Нет. Потому что Юлиан вовсе не считал, что обязан жизнью именно им. Конечно, он был чудесным образом спасен во время резни, но это можно было объяснить только божественным вмешательством24. И это вмешательство он приписывал отнюдь не двоим христианским священникам, а защитнику всего его рода божественному Гелиосу. Именно он явился, чтобы взять его за руку и вывести из императорского дворца, этого средоточия гибели, кровопролития и смерти.
IV
На следующий день после той трагической ночи Юлиан по приказу Констанция был отправлен в Вифинию. Констанций поручил заботы о воспитании мальчика епископу Никомидии Евсевию и дал ему указание никогда не говорить с ним о трагической гибели его семьи; не допускать никаких контактов между ним и жителями города; и, наконец, воспитывать его в духе строгого соблюдения требований христианской религии.
Осторожности ради Евсевий предпочел удалить ребенка из Никомидии и отвез его в Астакийскую виллу, находившуюся в сельской местности и принадлежавшую бабке Юлиана со стороны матери. Там мальчик должен был жить в полнейшей изоляции.
Юлиан прибыл в Астакию в ужасном состоянии духа. Ему еще не было семи лет, и его моральное равновесие было подорвано только что пережитыми сценами насилия. Он часто плакал и неожиданно просыпался по ночам с душераздирающим криком.
Бабкина вилла, огромная и роскошная, была для Юлиана скорее тюрьмой. Он не разговаривал с рабами, выполнявшими работы по дому, потому что инстинктивно не доверял им. Если он встречался с кем-нибудь из них в саду или в доме, то опускал голову и молчал; и не зря: все они были соглядатаями, которым Констанций приказал внимательно следить за всеми словами и поступками мальчика.
Кроме них, Юлиан видел только епископа Никомидии Евсевия. Но этот человек вызывал в нем смешанное чувство страха и отвращения. Это был светский епископ; он красил ногти киноварью, а волосы хной, как это часто делали восточные священнослужители. Стараясь в первую очередь угодить императору — не он ли сыграл сомнительную роль в распространении слухов о ложном завещании Константина, послужившем предлогом для уничтожения рода Флавиев? — Евсевий был слишком занят устройством собственных дел и своей епархией, чтобы уделять Юлиану много внимания. Он ограничился тем, что вдолбил ему в голову начатки вероучения, заставил выучить наизусть «Отче наш» и несколько других общепринятых молитв; короче, ознакомил его со всем тем, что позволило бы ему участвовать в богослужении.

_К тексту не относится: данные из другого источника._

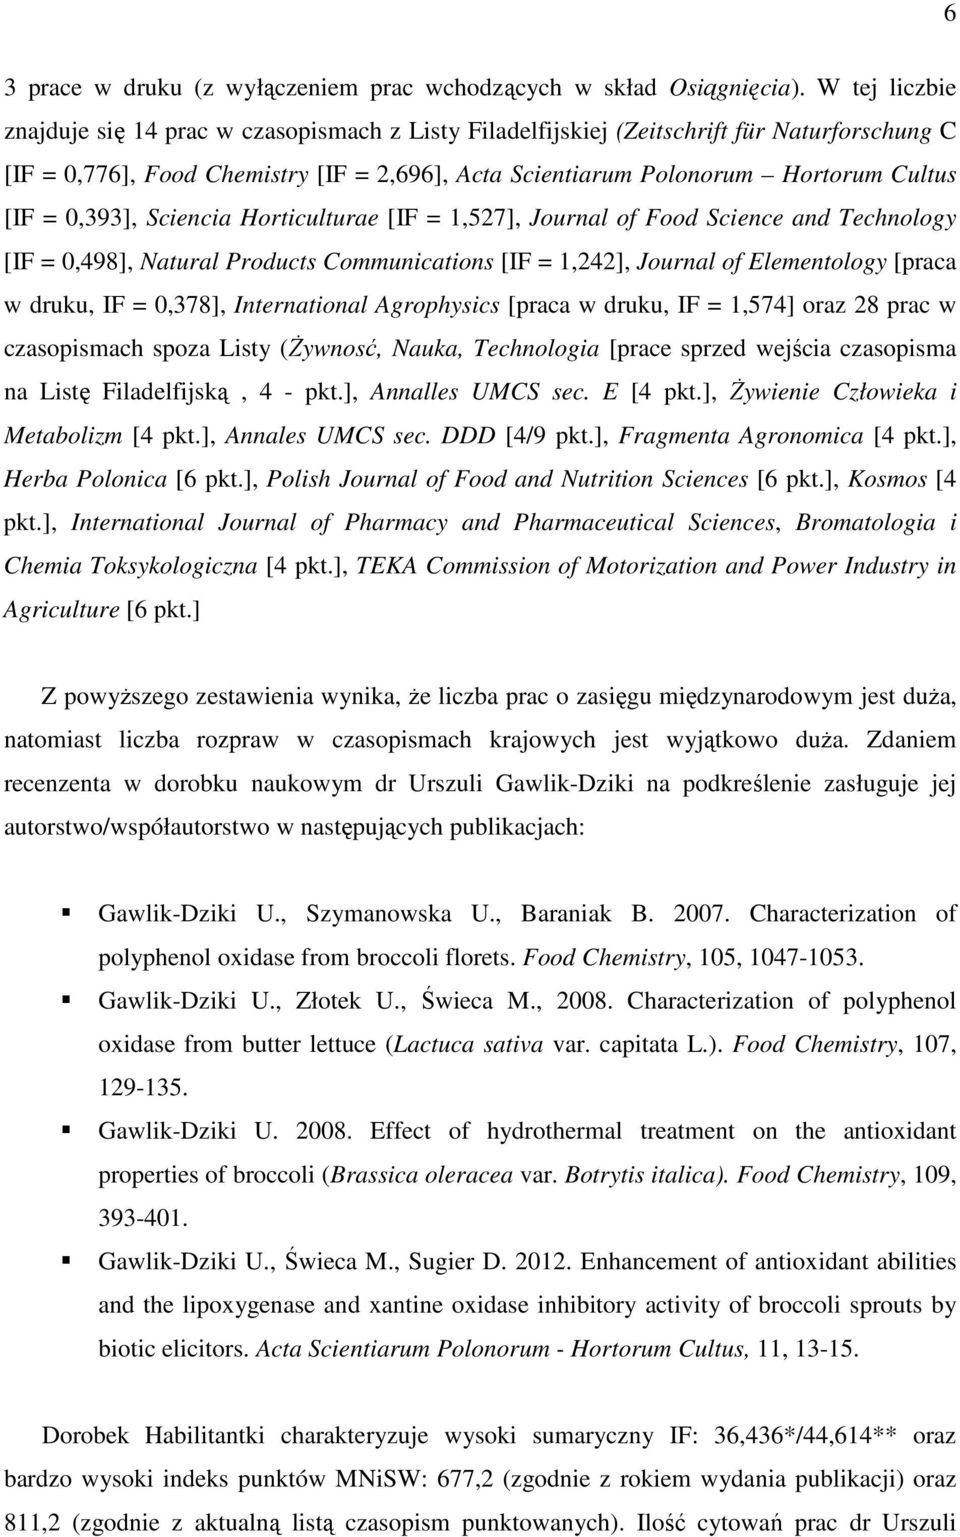 0,393], Sciencia Horticulturae [IF = 1,527], Journal of Food Science and Technology [IF = 0,498], Natural Products Communications [IF = 1,242], Journal of Elementology [praca w druku, IF = 0,378],

К счастью для Юлиана, рядом с ним был Мардоний, честный и образованный раб-сириец, за пятнадцать лет до того бывший воспитателем Басилины. Его тронула несчастная судьба Юлиана, в котором он очень быстро почувствовал большие скрытые способности, и он перенес на него всю ту заботу, с которой раньше относился к его матери. Ребенок почувствовал это и ответил на его любовь страстной привязанностью. Он всю жизнь помнил своего старого учителя и в одном из своих сочинений написал, что доброта Мардония была «лучом солнца, по милости небес прорезавшим ту ночь, с которой он отчаянно боролся»25.
Мардоний дал ему прочитать «Илиаду», «Одиссею», «Труды и дни» Гесиода и подвел его таким образом к «пропилеям»[3] философии. Но он занимался не только тем, чтобы наполнить голову ребенка разнообразными знаниями. Он также учил его формулировать мысли, выстраивать их в правильной последовательности и развил в нем явно выраженную склонность к интеллектуальным рассуждениям.
Да, уроки Мардония стали для Юлиана лучом света. Однако они не могли заставить его забыть о нависшей над его головой смертельной опасности. Солдаты Констанция пощадили его. Но в любую минуту император может пожалеть об этом. А если Констанций нахмурит брови, и стража ворвется в его комнату, чтобы перерезать ему горло, как перерезали горло его отцу? Покуда этого не случилось, о каждом его шаге, о каждом слове императору доносили соглядатаи. Чем взрослее становился Юлиан, тем более несносным казался ему этот полицейский надзор.
Приблизительно в это время он и обнаружил потайную дверь в ограде виллы. Эта находка дала ему возможность время от времени убегать от бдительных очей тюремщиков. Дверца не просто позволяла выйти наружу, она открывала дорогу к свободе. Юлиан воспользовался ею, и позволил себе несколько раз убежать и побродить в окрестностях Астакии. Во время одного из таких побегов он обнаружил узкую тропинку, ведущую к морю. Очень скоро эта дикая местность стала излюбленным местом его прогулок. Именно там однажды он испытал то мистическое состояние, о котором мы уже рассказывали выше… Но какой бы восторг ни приносили такие мгновения, всегда наступал момент, когда ему приходилось возвращаться в свою тюрьму.